New Video: The Surreal and Dreamy Visuals for Face + Heel’s “Pier Video”

Comprised of Luke Taylor and Sinead McMillan, Welsh duo Face + Heel have had their previously released work praised by several major media outlets and blogs including HillydillyPigeons and PlanesThe 405DummyThe Line of Best Fit, Notion and Crack Magazine for a sound that possesses elements of electro pop, dance music and indie rock. And the Welsh duo’s forthcoming Our Prince’s Quarry, slated for an April 15, 2016 release through the duo’s own label Dekalog OmniWare and distributed by Believe Digital Records will further cement Taylor and McMillan’s growing reputation for pop with an art school sheen — while thematically, the album delves into Taylor’s love/hate afford with his birthplace of Aberystwyth, Wales. As Taylor explains of the album both sonically and thematically “Some of the instrument choices and structures are there to reflect what I was listening to growing up in the 90s in West Wales. It’s both in love with the place and has a sense of resentment at how remote and marginal it is and how every street has a memory of growing up; good or bad.”

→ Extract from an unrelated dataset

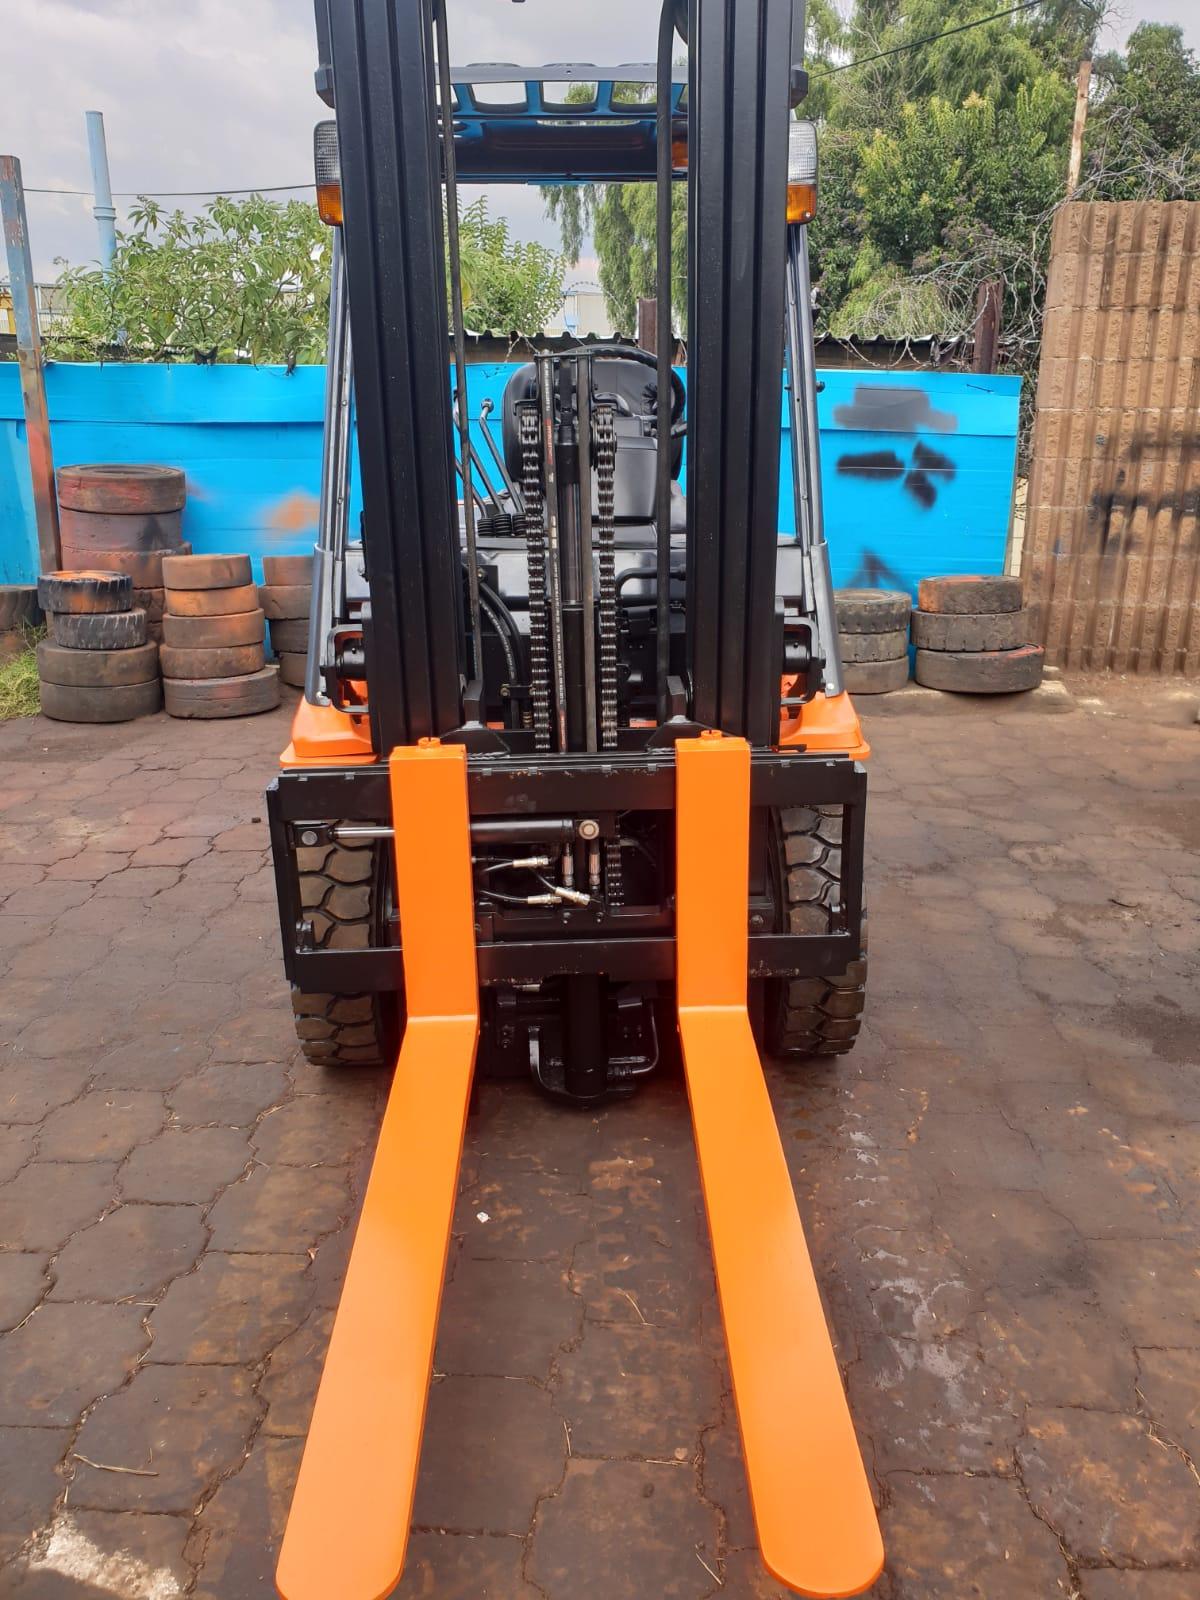 Toyota Forklift 7Series 2.5 ton diesel
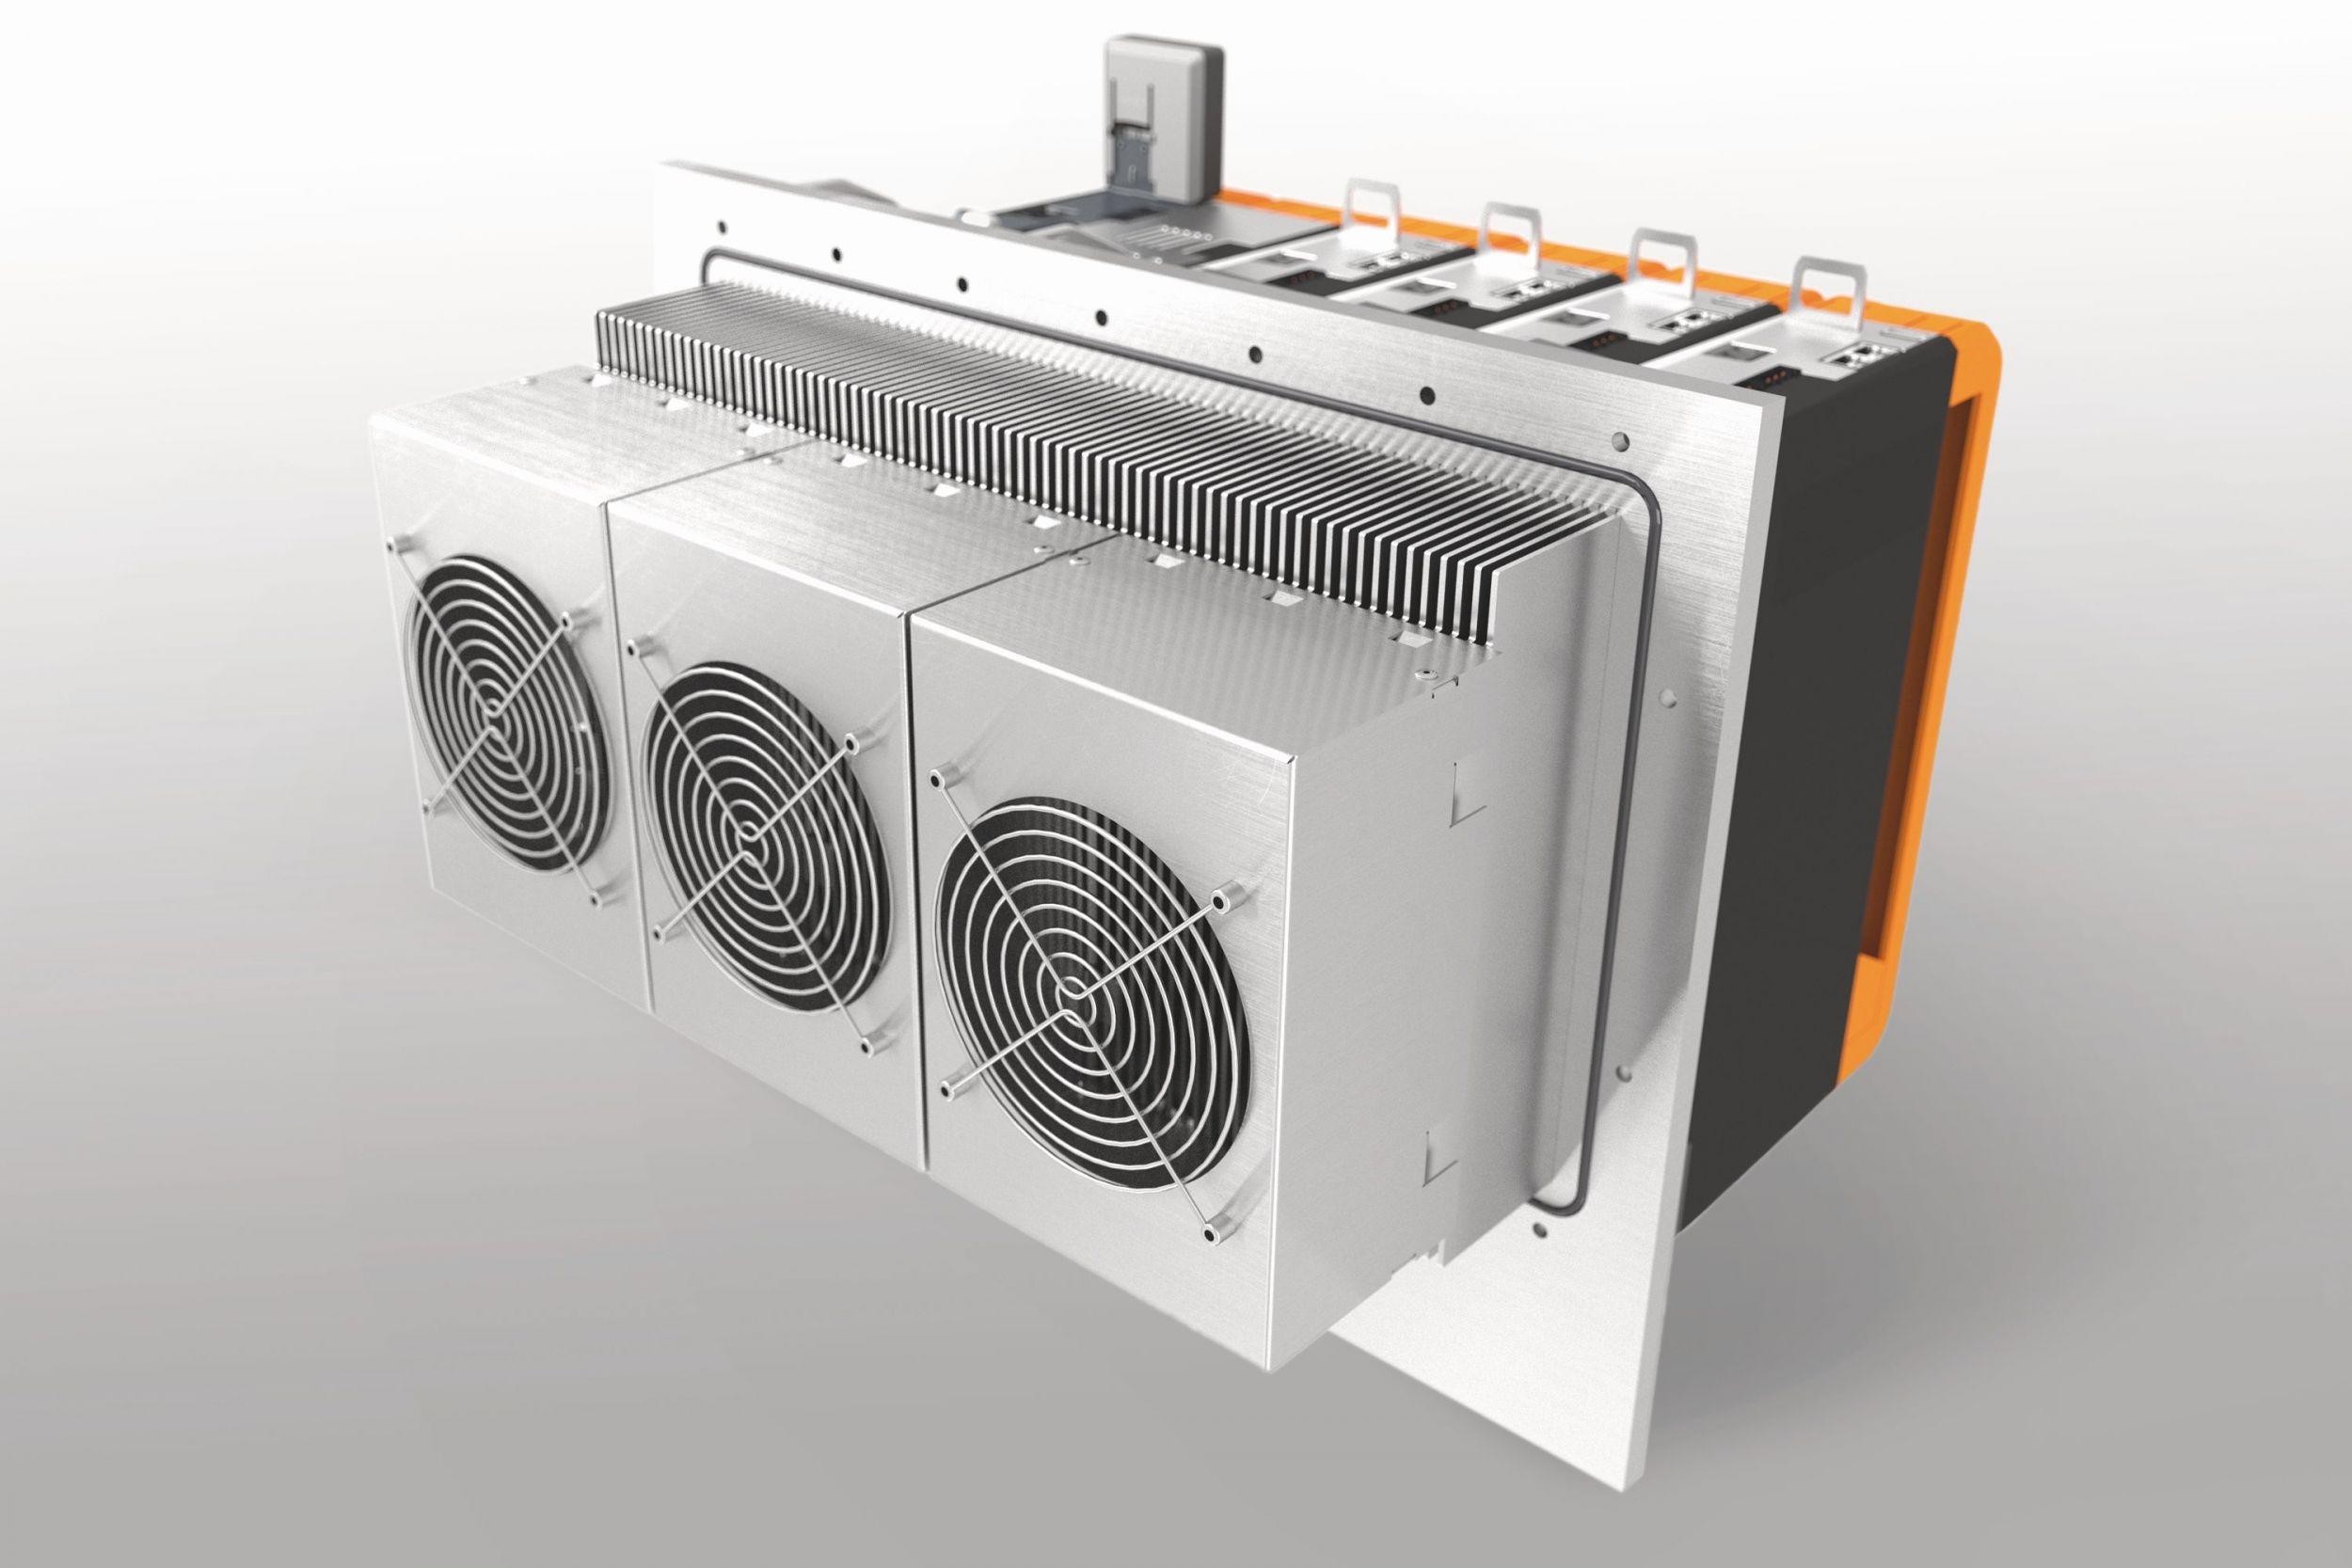 Servoverstärker mit modularem Kühlkonzept

The album’s opening track and latest single “Pier Video” is an ode to the art house video store in Taylor’s hometown; in fact, as Taylor notes “Some of the parts on the track were actually recorded onto a rental video from there that I never returned when I left.” Sonically, the duo pair propulsive kick drum percussion, distorted and twinkling piano chords, autoharp, plucked violin, strummed guitar and industrial clicking and clacking with Taylor’s plaintive vocals in a moody and ethereal song that sounds as though it draws from Radiohead‘s OK Computer and Kid A with an equally wistful and forlorn air; the sort of air that suggests the sense of loathing of being stuck somewhere in which your past hurts and ghosts are inescapable.

The recently released music video features grainy and glitchy VHS footage of the band performing and goofing off, superimposed by digitally shot video of a retro touchtone phone, of the woods presumably near Taylor’s hometown, glow sticks, glowing hula hoops and other surreal and random imagery. And in many ways, the video evokes a lingering fever dream.